Now, we have european_regions data frame with data about all European administrative regions, then count the number of points in each of them. For this, I use point.in.polygon function from sp package, which calculates how many points lie in polygon based on lat&lon data.

Code

require(dplyr)
require(sf)

mcdonalds_sf <- mcdonalds_points %>% 
  as.matrix() %>% 
  st_multipoint() %>%  
  st_sfc() %>% 
  st_cast('POINT') %>% 
  st_set_crs(4326) %>% 
  st_sf() 

european_regions <- european_regions %>%
  rowwise() %>% 
  mutate(
    mcdonalds_in_polygon_count = nrow(
      st_filter(
      mcdonalds_sf,
      geometry
    ))
  )

Now we have added mcdonalds_in_polygon_count column to european_regions data frame, which represents the count of McDonald’s restaurants in the region. Next, we can draw a map with this data. The primary function we need geom_polygon. Also, I added scale_fill_gradient to make the map look better.

Code

polygon_map <- ggplot() +
  geom_sf(
    data = european_regions, aes(
    fill = mcdonalds_in_polygon_count
  )) +
  scale_fill_gradient(
    low = "#ffffcc", high = "#800026",
    guide = guide_legend(
      label.position = "bottom",
      title = "McDonald's count"
    ),
    trans = "log1p", # for better gradient
    breaks = c(0, 1, 2, 5, 10, 20, 50, 100, 200, 500),
    labels = c(0, 1, 2, 5, 10, 20, 50, 100, 200, 500)
  ) +
  labs(
    title = "McDonald's locations in Europe",
    subtitle = "Polygon map",
    caption = "Based on OSM data"
  ) +
  theme_ipsum(base_family = "Lato") +
  theme(
    panel.grid = element_blank(), 
    axis.text = element_blank(),
    axis.title = element_blank(), 
    legend.position = "bottom"
  ) +
  coord_sf(xlim = c(-10, 50), ylim = c(33, 71))

polygon_map

McDonald’s locations in Europe. Polygon map

The amount of something in the polygon can be shown not only by color. You can also transform the polygons themselves. For example, you can change its size. Such transformations with polygons on the map are called cartograms.

6. Cartogram

In R the simplest way to make a cartogram is to use cartogram package, but I can tell from my experience that it is not efficient (it works too slowly). Then I use three packages to make cartograms - sf, Rcartogram & getcartr.

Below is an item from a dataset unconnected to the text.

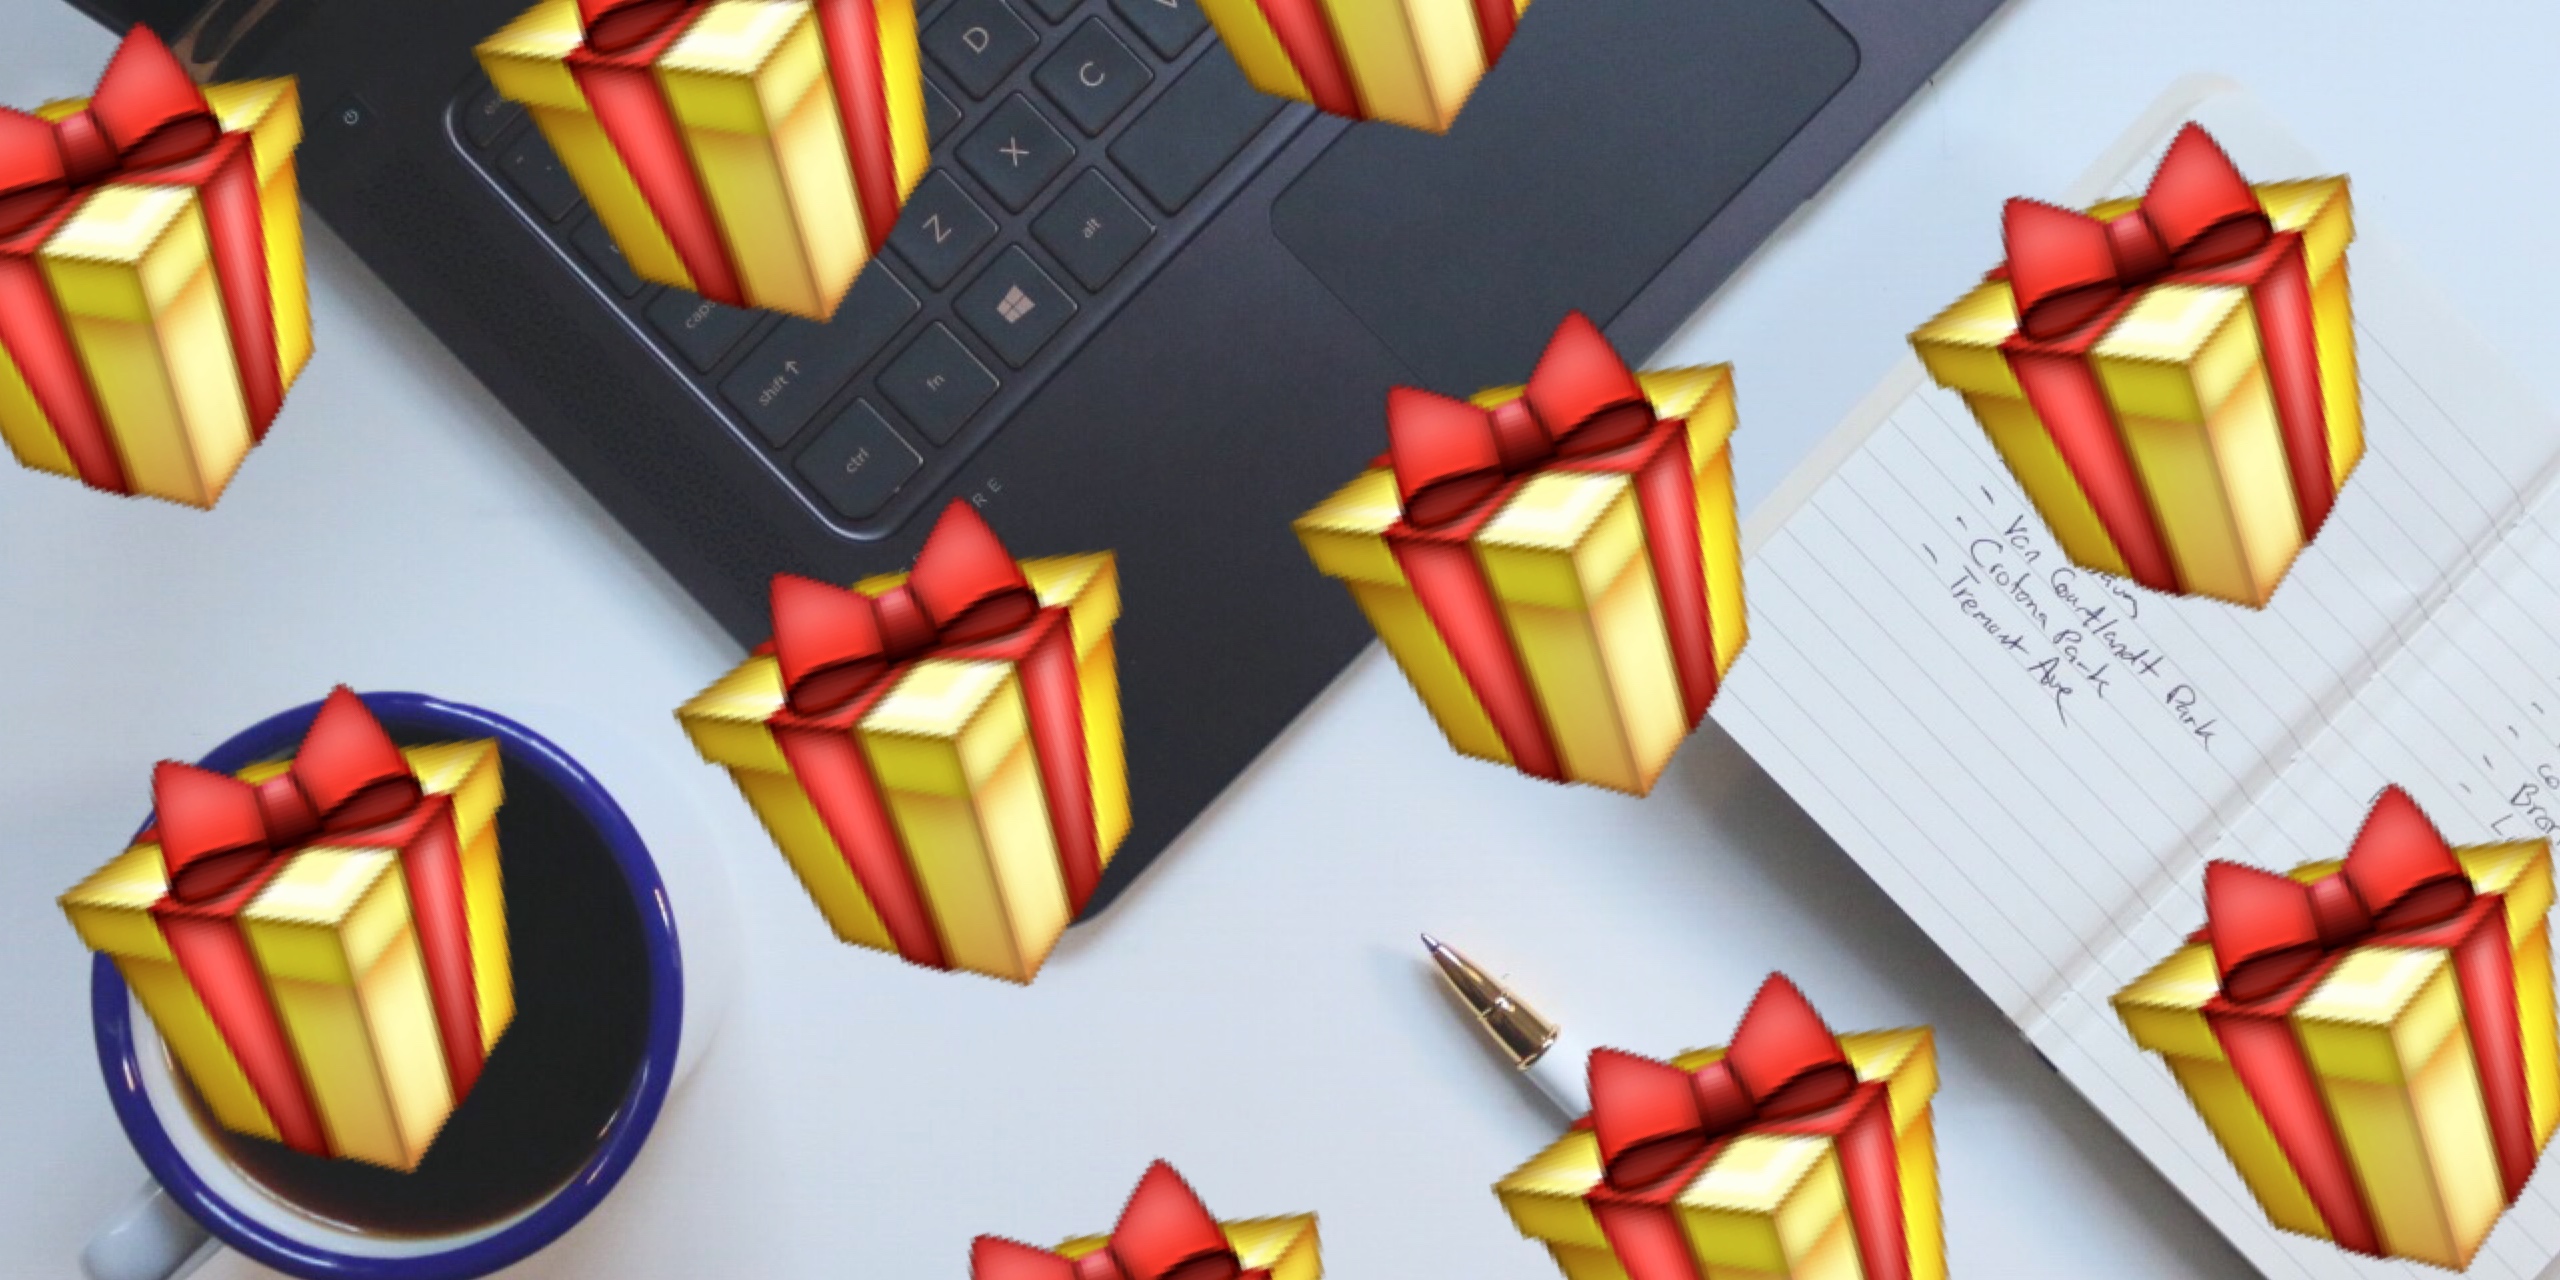 Laptop with gifts on it

We need to convert data frame for SPDF because quick.carto for cartogram creation works only with SpatialPolygonDataFrame objects.

the code below does the following transformation:

european_regions data frame to sf object. sf object to shapefile. Shapefile is read as SPDF table. SPDF is transformed to cartogram using quick.carto function. SPDF is transformed into sf object for mapping.

Code

require(sf)
require(cartogram)

european_regions_cartog_cont <-  cartogram_cont(
  st_transform(european_regions, 3857) %>% 
    mutate(mcdonalds_in_polygon_count = mcdonalds_in_polygon_count+1),
                 weight = "mcdonalds_in_polygon_count")

Reading layer `eu_mac' from data source 
  `/Users/romankyrychenko/randomforest_v2/posts/ggplot-maps/eu_mac.shp' 
  using driver `ESRI Shapefile'
Simple feature collection with 782 features and 14 fields
Geometry type: MULTIPOLYGON
Dimension:     XY
Bounding box:  xmin: -2271324 ymin: 3255324 xmax: 4355262 ymax: 10272660
Projected CRS: WGS 84 / Pseudo-Mercator

Now we can map it.

Code

cartogram_map <- ggplot(european_regions_cartog_cont) +
  geom_sf(aes(fill = mcdn___), color = NA) +
  coord_sf(datum = NA) +
  scale_fill_gradient(
    low = "#ffffcc", high = "#800026",
    guide = guide_legend(
      label.position = "bottom",
      title = "McDonald's count"
    ),
    trans = "log1p",
    breaks = c(0, 1, 2, 5, 10, 20, 50, 100, 200, 500),
    labels = c(0, 1, 2, 5, 10, 20, 50, 100, 200, 500)
  ) +
  labs(
    title = "McDonald's locations in Europe",
    subtitle = "Cartogram",
    caption = "Based on OSM data"
  ) +
  theme_ipsum(base_family = "Lato") +
  theme(
    panel.grid = element_blank(),
    axis.text = element_blank(),
    axis.title = element_blank(),
    legend.position = "bottom"
  )

cartogram_map

McDonald’s locations in Europe. Cartogram

It looks unusual.

7. Optimal path

The last thing on these points is to make decisions of Traveling Salesman Problem. We can show the optimal path (close to this) through all points on the map. The best way to make this is LKH algorithm (Lin-Kernighan heuristic). This algorithm currently shows the best results. For example, last Traveling Santa competition on Kaggle won the team that used this algorithm.

It is described here.

For implementation, we can write a file with model parameters.

Code

write_tsp <- function(nodes, filename, name = "McDonalds") {
  write(paste0("NAME : ", name), filename)
  write(paste0("COMMENT : ", name), filename, append = T)
  write("TYPE : TSP", filename, append = T)
  write(paste0("DIMENSION : ", nrow(nodes)), filename, append = T)
  write("EDGE_WEIGHT_TYPE : EUC_2D", filename, append = T)
  write("NODE_COORD_SECTION", filename, append = T)
  for (row in 1:nrow(nodes)) {
    write(paste(row, nodes[row, 1][[1]], 
                nodes[row, 2][[1]]), filename, append = T)
  }
  write("EOF", filename, append = T)
}

write_tsp(mcdonalds_points, "mcdonalds_points.tsp")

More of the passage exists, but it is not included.